The invention provides a method by which the fluff in synthetic textiles is stabilized under normal washing conditions, as well as a stabilizing agent to prevent overly strong felting and fluff waste. This stabilizer also provides a soft grip and does not damage the fabric's colour. According to the invention, the stabilizer is used on acrylonitrile textiles. Other features and advantages will be apparent from the following detailed description.

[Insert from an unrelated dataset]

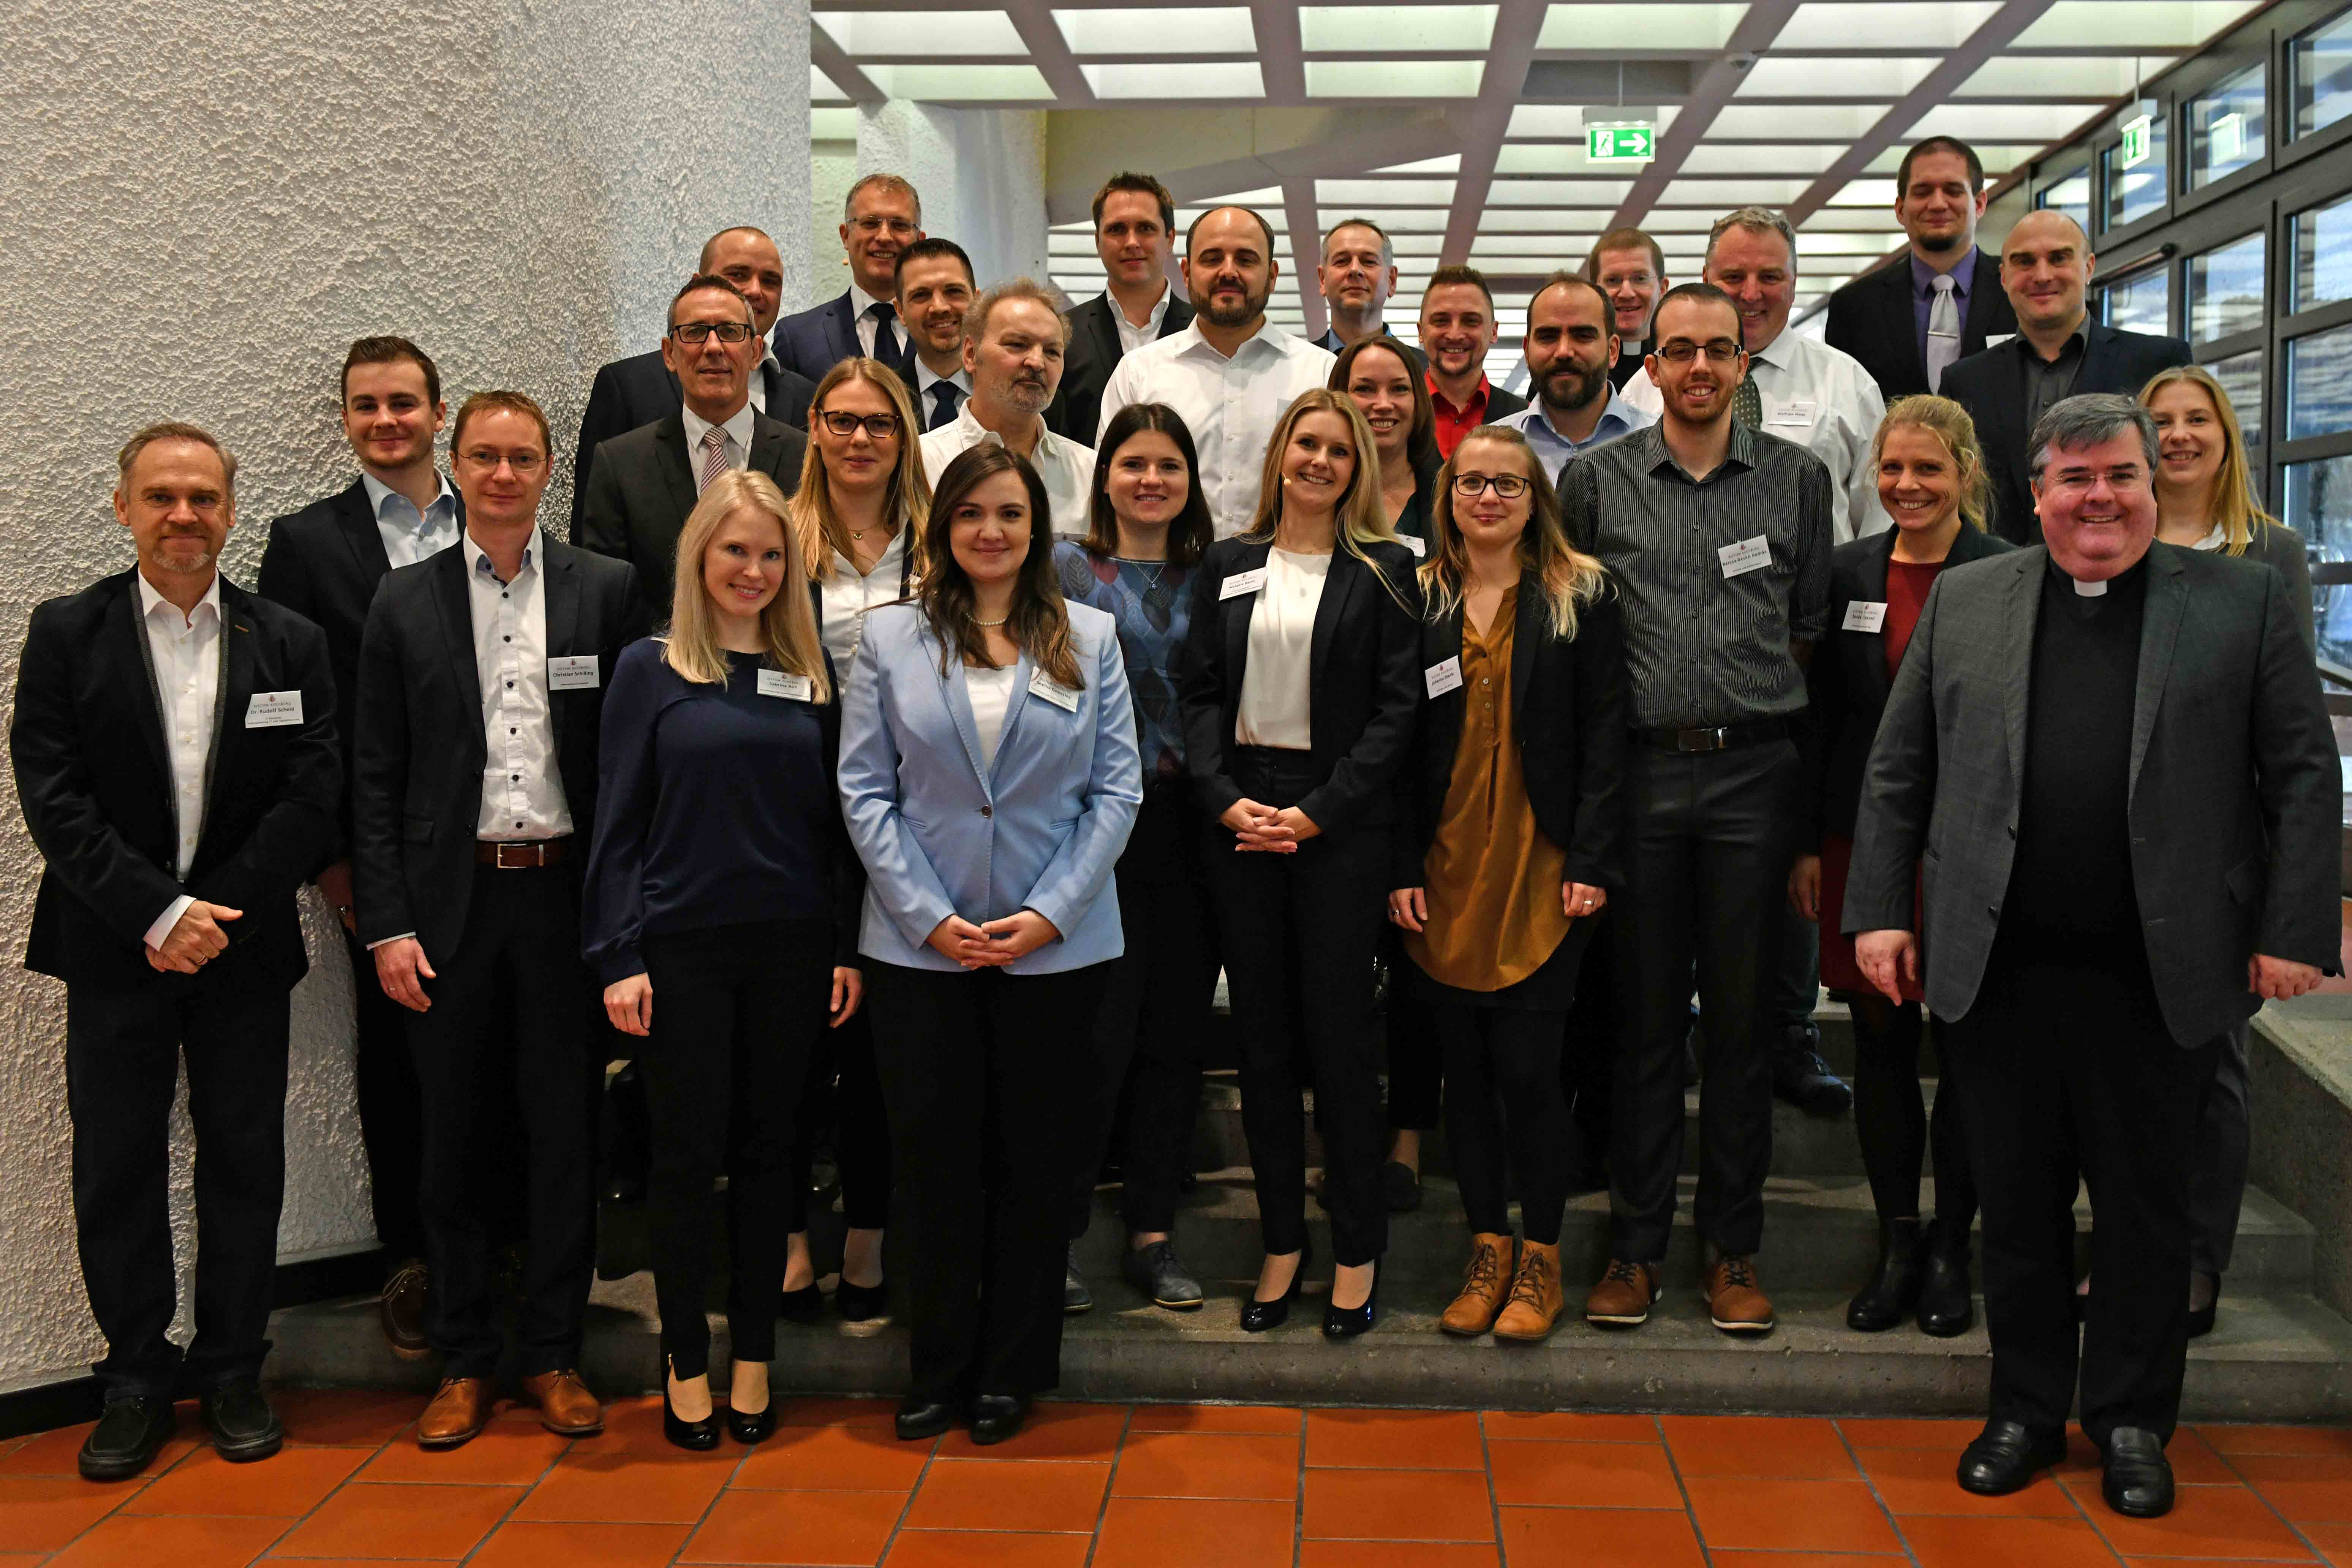 Die Stabsabteilung IT und Digitalisierung stellt sich vor (mit auf dem Bild: Domkapitular Harald Heinrich und Domvikar Martin Riß).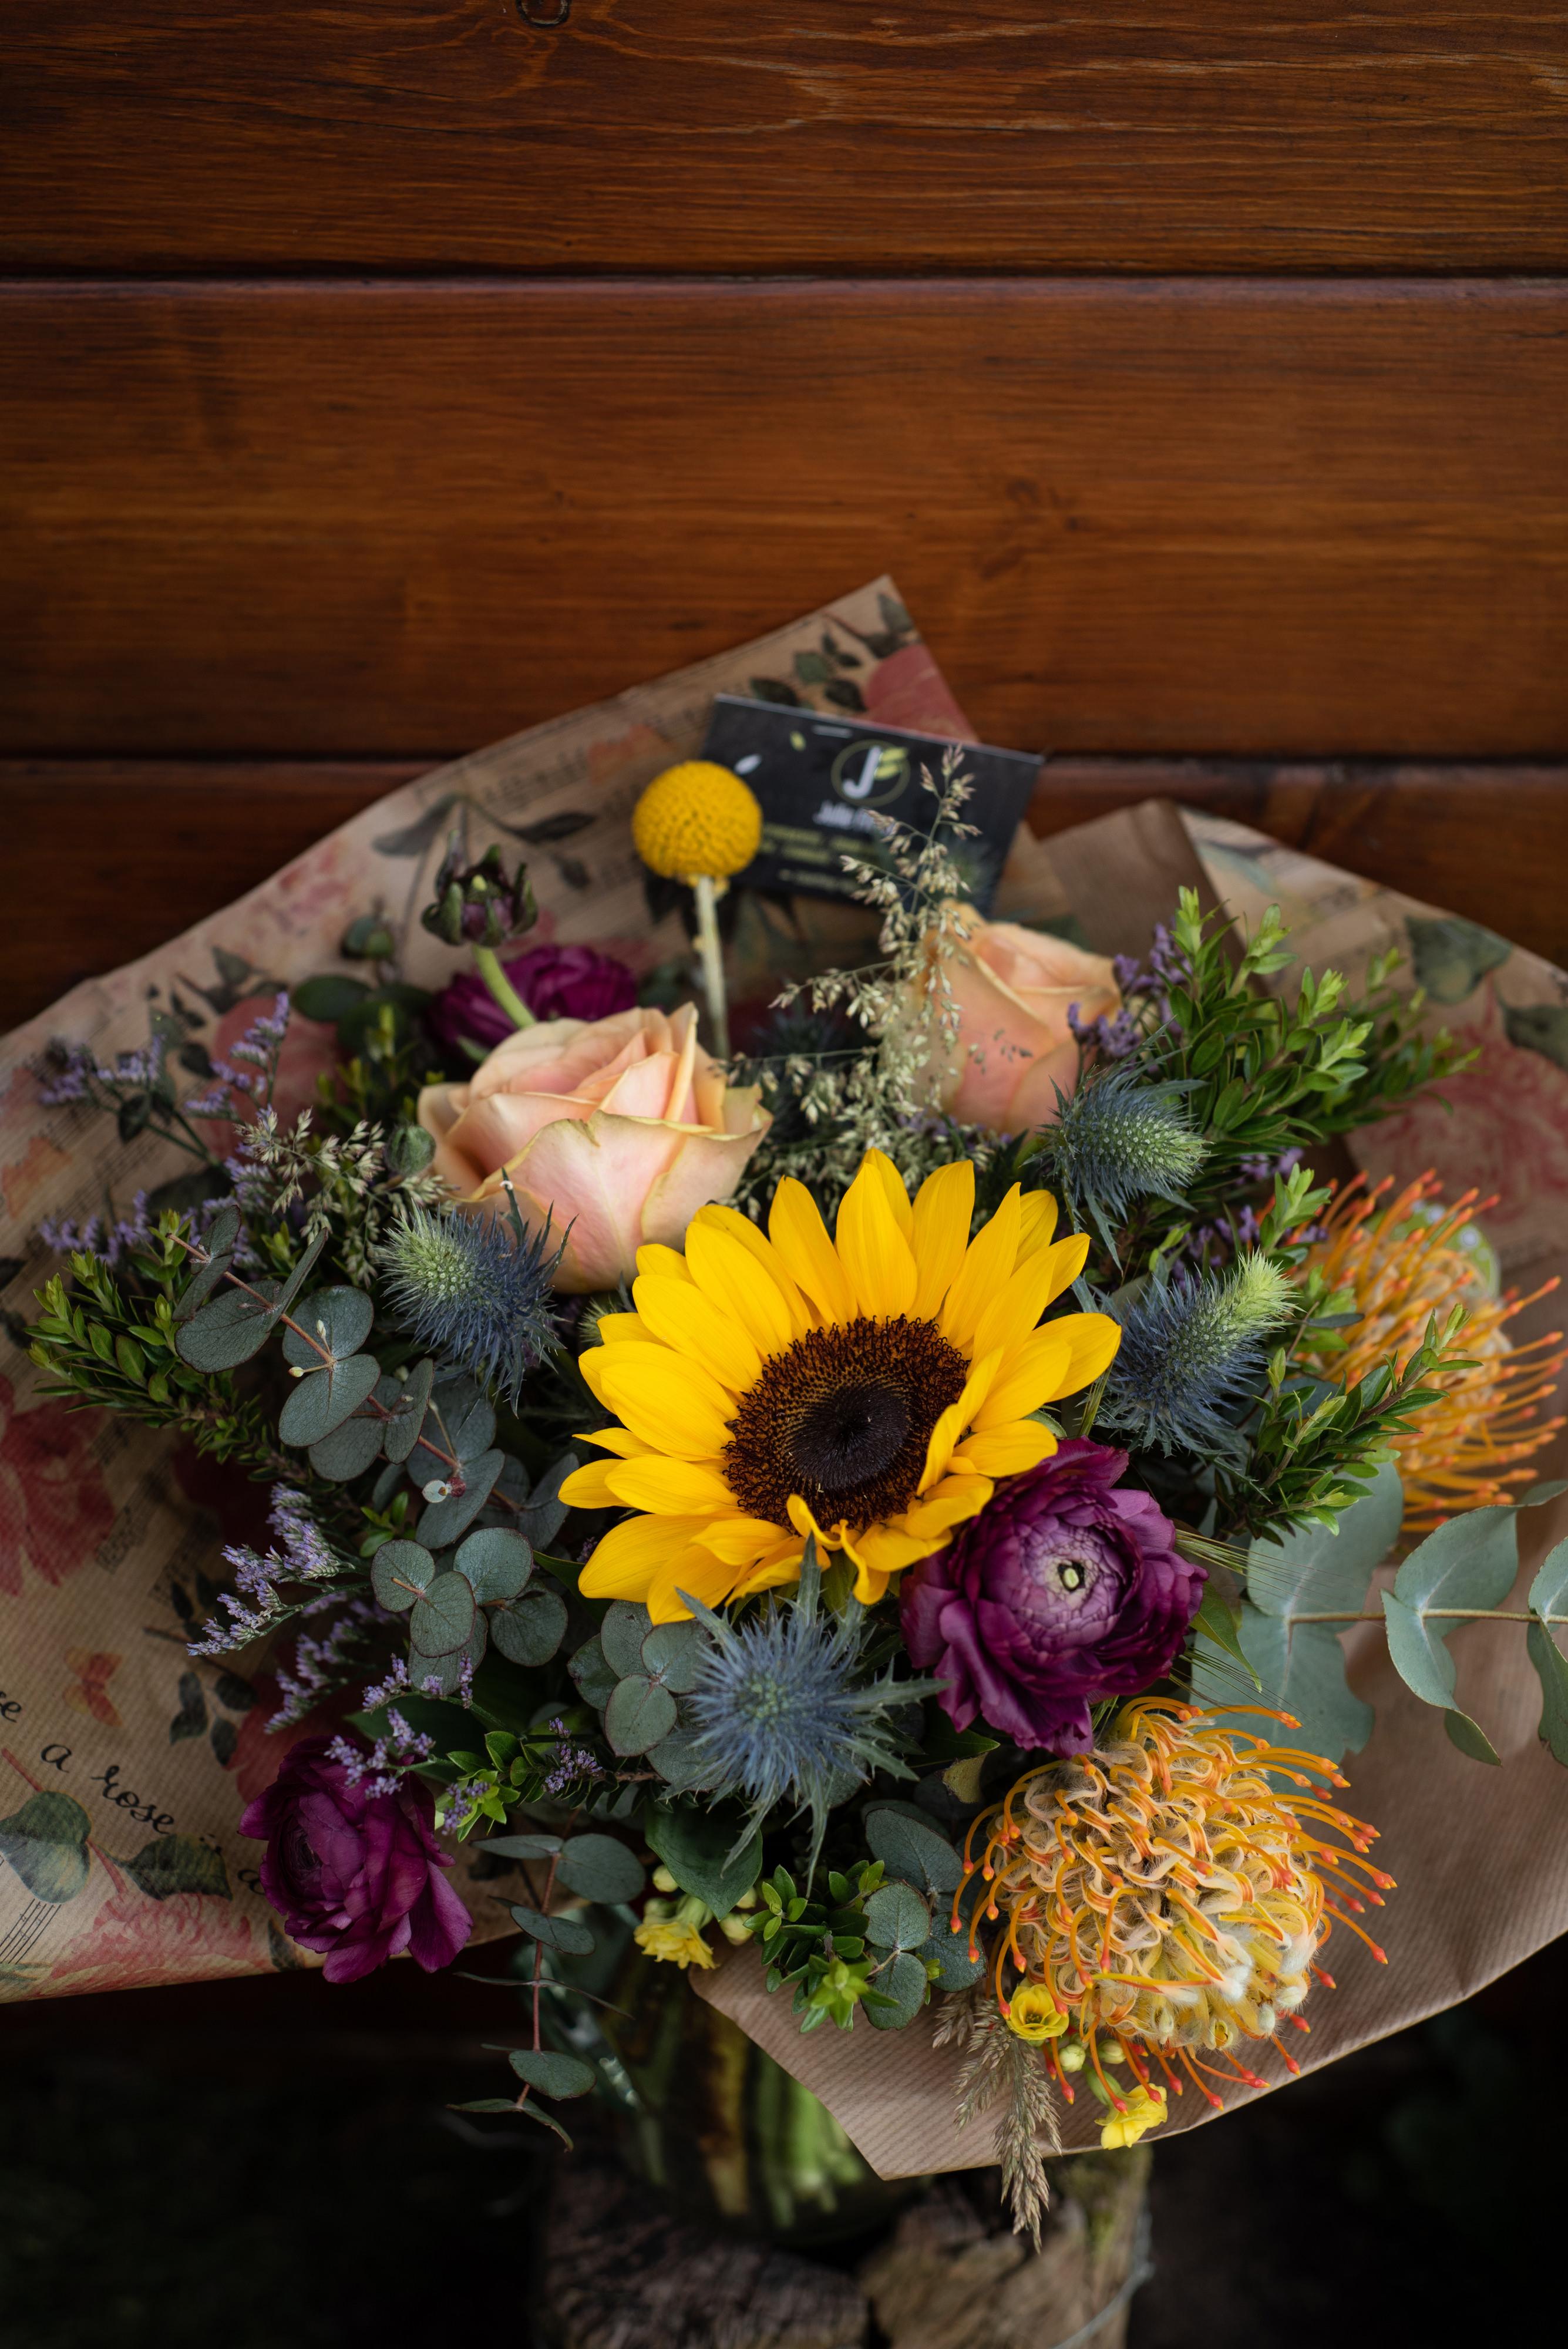 Bouquet de fleurs julie Flora - 9-05-202

The method according to the invention involves zinc fluoroborate being applied to the pile of woven, non-woven or knitted synthetic textiles, either by a foulard treatment or by a shower treatment which will be described in more detail below. It was further found that when the textile is treated with silicone and "Aston" before the roughing and the addition of the stabilizing salt

(trade name), which is a polyamine resin such as diethylenetriamine crosslinked with polyethylene glycol diiodide or an epoxy resin, a soft grip was obtained which was acceptable. The silicone penetrated the entire textile and prevented "Aston", if this was used, as well as the stabilizer from penetrating into the main body of the textile, so that it remained on the floss where it is needed. But it was not necessary to pre-treat the textile with silicone and "Aston", as mentioned above, to ensure a soft grip. If the grip after treatment with zinc fluoroborate is somewhat hard, a satisfactory soft grip can be achieved by passing the treated material through a cold calender.

More particularly, the lint in synthetic textiles can be treated with an aqueous dispersion of silicone in the range of 0.5-5%, preferably a 3% dispersion, in connection with "Aston", which can be additionally added within the range of 0.5- 5 percent resolution, preferably a 2 percent resolution. The use of these two materials before the roughing and the addition of the stabilizing salt results in a soft grip and color stability. While the stabilizing salt can be used alone and gives satisfactory results, the result is even better if the textile is pre-treated as indicated above.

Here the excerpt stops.